Oceans, Climate, and Universities

This year also included the first-ever Oceans Pavilion, and three Cornellians presented about the role of universities in understanding how oceans are protecting us from even-worse climate impacts but paying for it through damages such as coral reef death and loss of seagrasses. Kathy Bunting-Howarth, associate director of New York Sea Grant and assistant director of Cornell Cooperative Extension presented alongside students Eva Fenningdorf ’23 and Katherine Cornett ’23, who were two of the 11 students who attended COP27 as part of Cornell’s delegation.

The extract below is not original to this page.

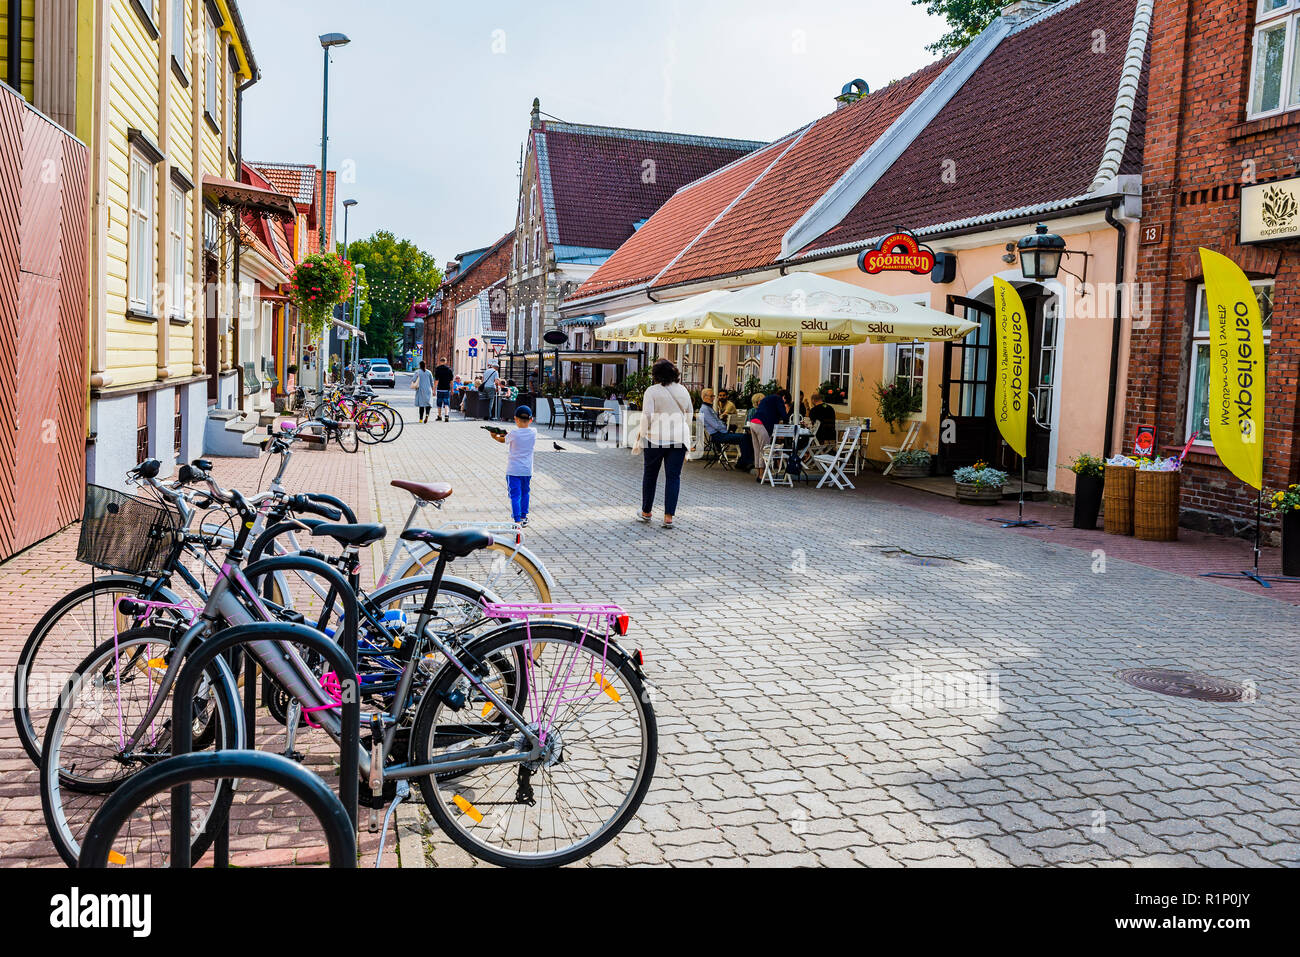 he ultimate summer holiday destination in Estonia. Street of Parnu - Pärnu - , Pärnu County, Estonia, Baltic states, Europe. Stock Photo

Bunting-Howarth also participated on a panel exploring the role of universities in taking sustainability from the margins to the mainstream. She spoke about a new Climate Stewards Program, which trains adult volunteers across New York on climate impacts, mitigation, communication, and the role of local governments. At the end of the program, volunteers work with a local government to help it achieve its climate goals. Participants were intrigued by the Land Grant and Sea Grant models bringing university research into communities and informing researchers about community research needs, she said.

“It’s really important that we’re not just an education or research institution for a certain population, but we have an imperative to serve our entire community,” Bunting-Howarth said. “The breadth and depth of the topics presented by Cornell researchers at COP27, combined with our efforts to link that knowledge to communities, demonstrates how Cornell truly is the land—and sea—grant to the world,” she said.

Funding for the Cornell COP27 delegation and the Cornell COP27 exhibit was provided by the Cornell Atkinson Center for Sustainability; funding for student delegates’ travel was provided by deans of the College of Arts and Sciences, College of Agriculture and Life Sciences, the Cornell Jeb E. Brooks School of Public Policy, and the College of Engineering.

John McKain is director of strategic communications for Cornell Atkinson. Krisy Gashler is a freelance writer for Cornell Atkinson.